The left atrium is divided at the level of the atrioventricular groove. Having removed the heart, the lungs are then explanted by clamping or stapling each mainstem bronchus and dividing the bronchi and hilar vessels distally. The lungs are then removed en bloc from the chest. With the heart and lungs no longer obscuring the field, the mediastinum can be prepared. The remnant pulmonary arteries are excised, excepting at the ligamentum arteriosum, to provide a buffer for the recurrent laryngeal nerve. The trachea is prepared by dividing it at the level of the right mainstem bronchus. Many centers will implant the new donor hila anterior to the phrenic nerve pedicles for improved mobility to inspect the posterior mediastinum, but some centers still implant the hila posterior to the phrenic nerve pedicles for improved exposure if reoperation is required. Whichever strategy is chosen, the dissection is completed without phrenic injury, and mediastinal hemostasis is achieved before the donor heart and lungs are implanted and again obscure the exposure.

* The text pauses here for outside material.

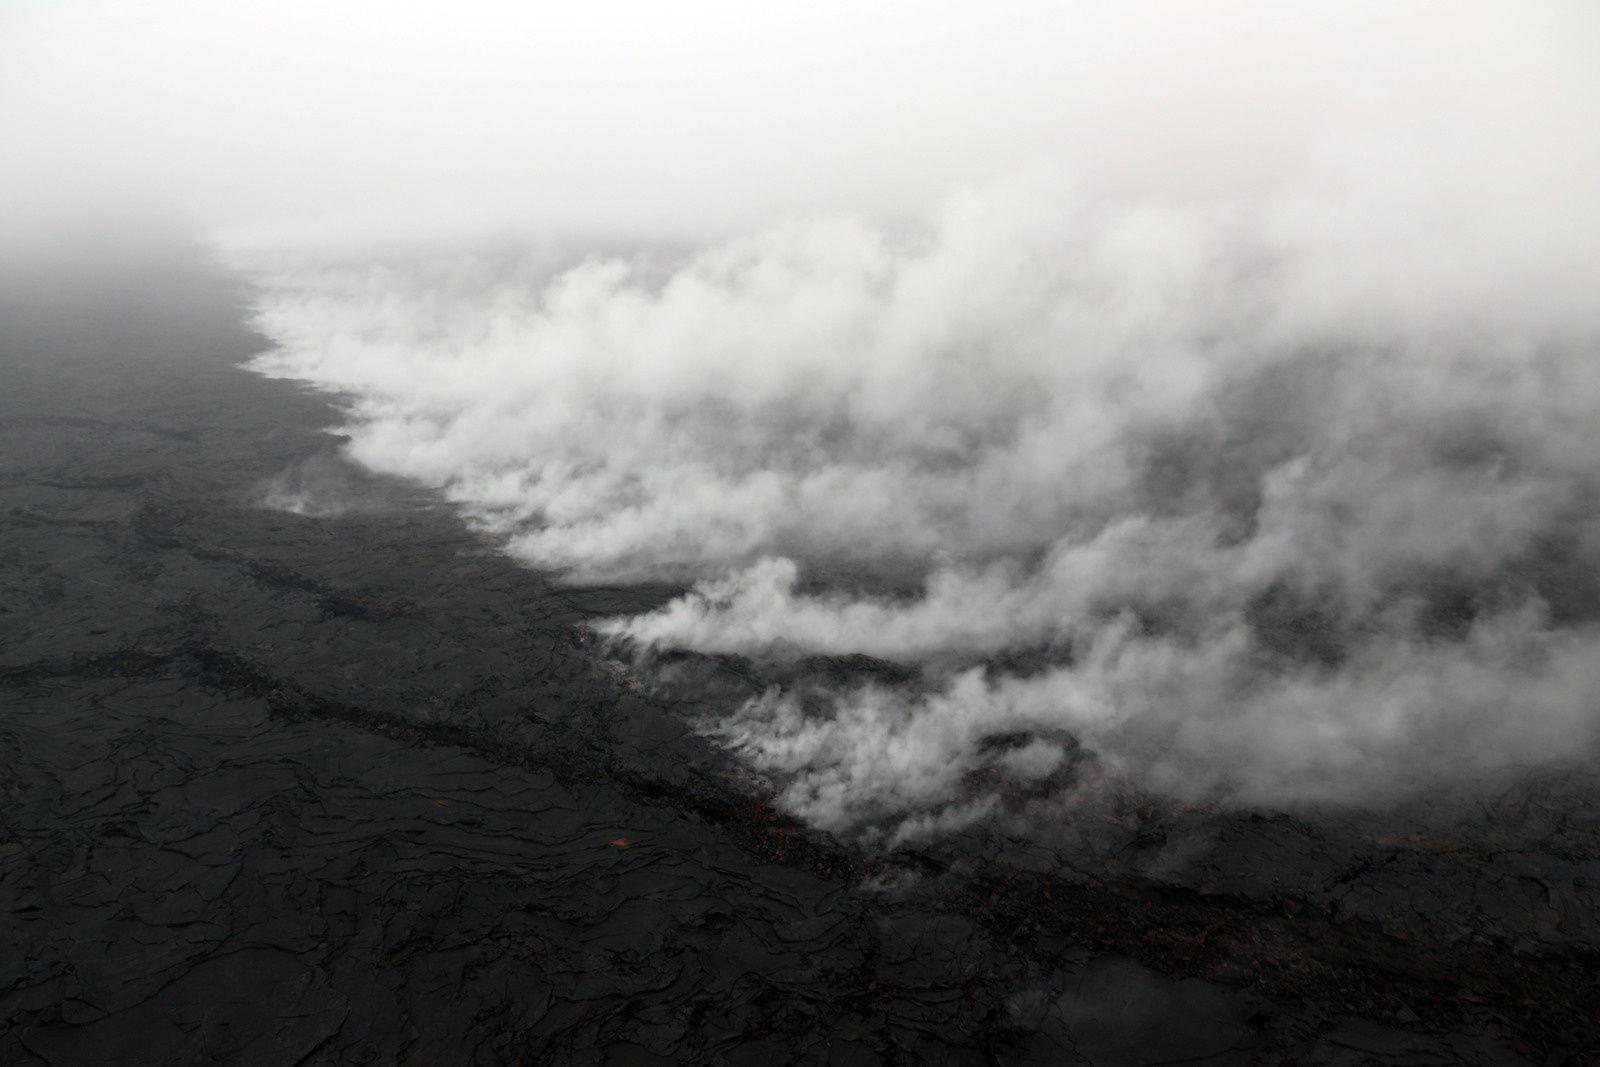 Kilauea - Pu'u O'o - Une nouvelle fissure en échelons, longue de 1 km., s'est ouverte à l'ouest du Pu'u O'o, caractérisée par un dégazage abondant. - photos HVO - USGS / survol du 01.05.2018

The recipient implantation procedure begins with the preparation of the graft on the back table. Non-essential mediastinal tissue is resected. Any atrial defects present in the heart are closed. The donor trachea is trimmed to the level of the first or second cartilaginous ring above the carina. Generous saline irrigation and a dedicated suction catheter are used to clear the donor lungs of mucus. When all is ready, the graft is lowered into the recipient's chest and kept cold with periodic cold irrigation or cold gauze pad wrappings.
The anastomoses begin with the trachea; the recipient trachea at the former level of the right mainstem is sutured to the donor trachea at the level one or two rings above the carina. Some surgeons use only running permanent suture; others use running suture on the membranous trachea and interrupted suture on the cartilaginous trachea. The tracheal anastomosis is covered with nearby tissue, either lymphatic or pericardial, to give a buffer against erosion into the neighboring great vessels. Once this anastomosis is complete, the chest is irrigated to dilute potential tracheal contamination. Then attention is turned to the blood vessels. Different surgeons prefer differing orders of anastomoses of the aorta, superior, and inferior venae cavae. The prior left atrial appendage defect created as a vent during donor procurement may be used again as a vent before it is then sutured closed. Once all anastomoses are complete, and the circulation is aspirated for air, attention is turned toward meticulous hemostasis. During hemostasis, the grafts may need to be gently rotated to achieve adequate exposure.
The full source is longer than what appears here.